Some where on planet earth lol. Nice photo by the way.


----------



## cnycharles (Sep 20, 2014)

I think you're on the set of one of those Disney water rides

Forgot to say that's a pretty nice pic with a phone!


----------



## Parryaw (Sep 21, 2014)

cnycharles said:


> I think you're on the set of one of those Disney water rides




That thought crossed my mind too!


Sent from my iPhone using Tapatalk


----------



## Clark (Sep 21, 2014)

Kirk, I would like to believe, MrHappyrotter and I, have an overlapping bucket list.

Congrats, and thank you for your participation!!!
Donation will be made in a minute or two...
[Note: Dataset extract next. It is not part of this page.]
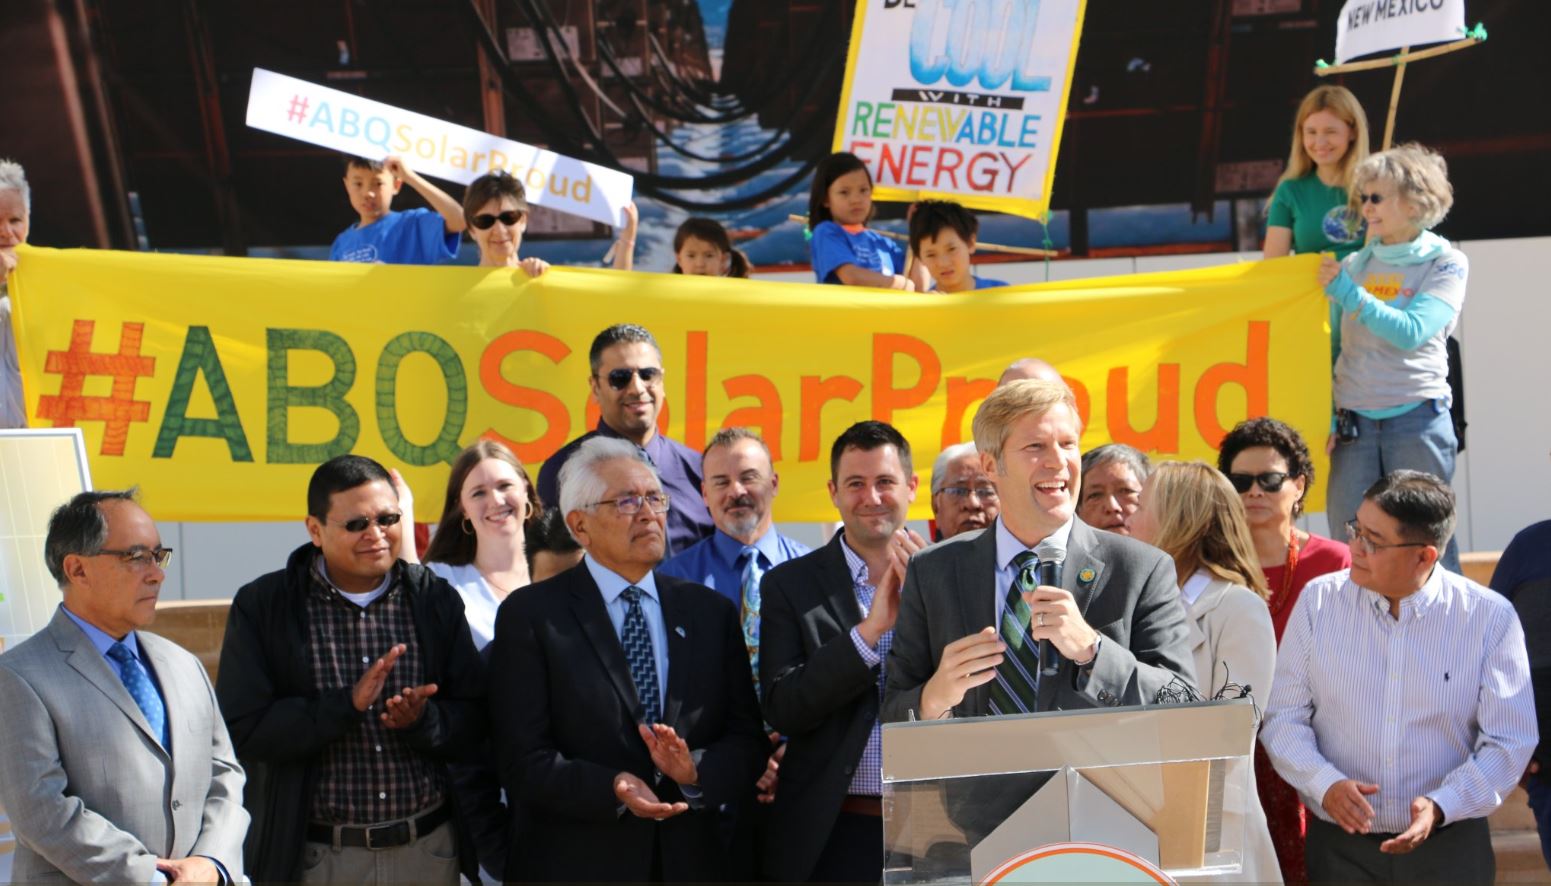 City Of Albuquerque Energy Rebates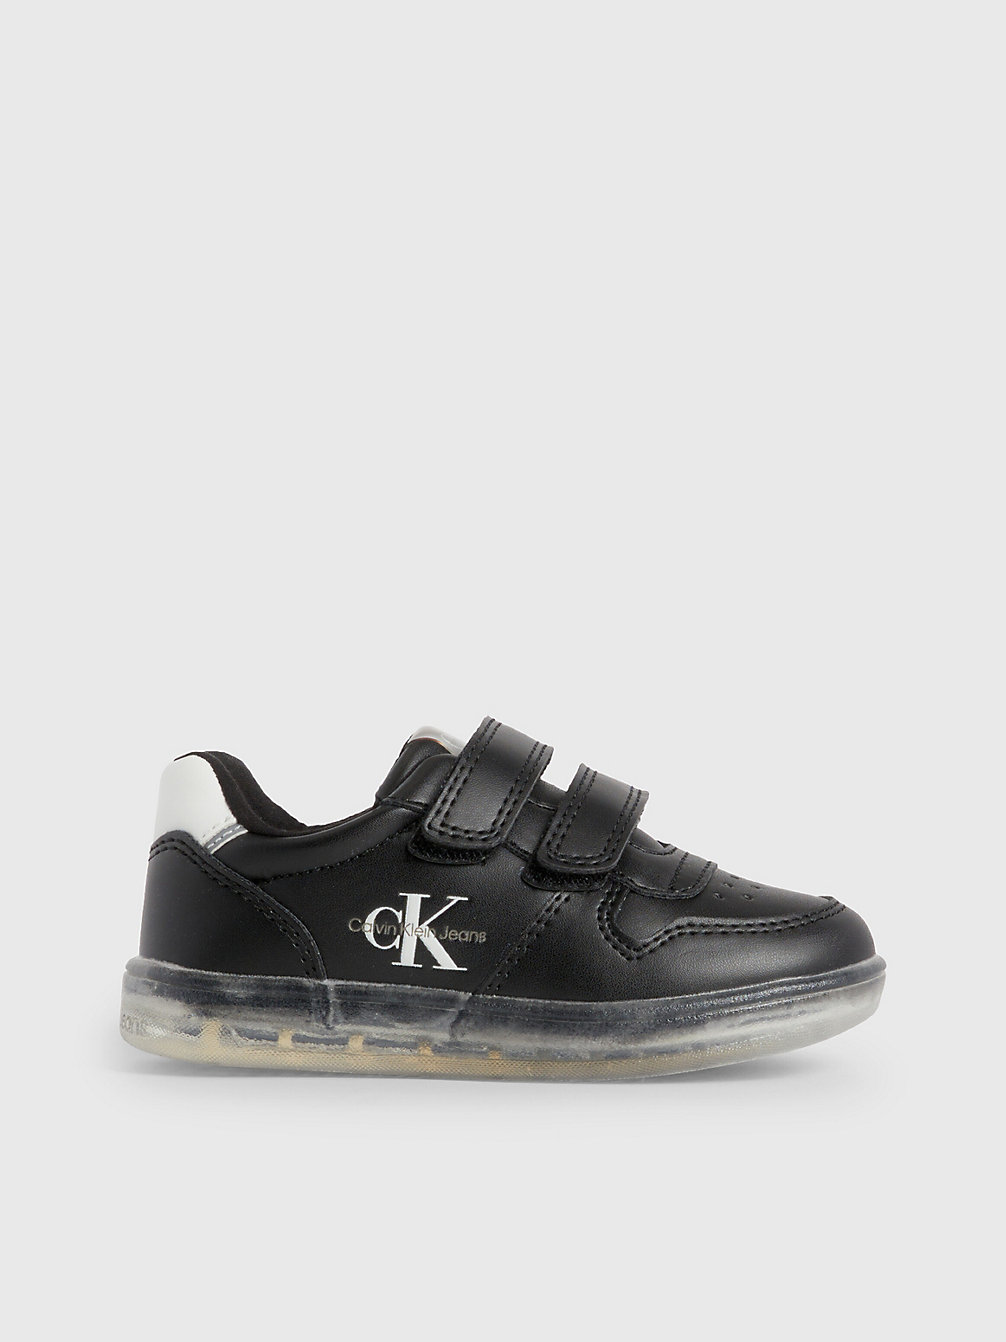 BLACK Sneakers Mit Klettverschluss Für Kleinkinder Und Kinder undefined kids unisex Calvin Klein

This destination has been a wet dream for me.
We hired Crystal River Jeep Tours for transportation.
To get the jeep all to ourselves(plus driver), we paid $30.00 extra(no brainer).
To spend an extra hour at the site, another $30.00(much needed).
The road is nasty. Best to spend on this one.

All the way up, one is next to the Crystal River. It is crystal clear, fast and looking good to spot my nemesis bird- the American Dipper.
All the way up, I teased my wife, in a firm voice- YOU GET ME THAT BIRD!
The driver didn't know WTF I was talking about(he did know we were from Jersey, LOL)

It didn't take long. Soon as I set up camera, an American Dipper lands on the large boulder in the left of photo, bobs up and down while looking at me, and flies off.
What a (f-bomb) day!!!

I know what one is thinking. This doesn't qualify for a (f-bomb) day. Hey, it wasn't good enough for me either.
I forgot to mention we shot sunrise at Maroon Bells that morning. Had the place all to ourselves.

And to top it off, on the jeep ride down, we got to view pika and yellow bellied marmots.
I felt like kid in candy store during our stay in Aspen.

Thanks again MrHappyrotter!:clap:


----------



## Heather (Sep 21, 2014)

Awesome! Nice job guys and thanks for the donation! Much appreciated everyone!


----------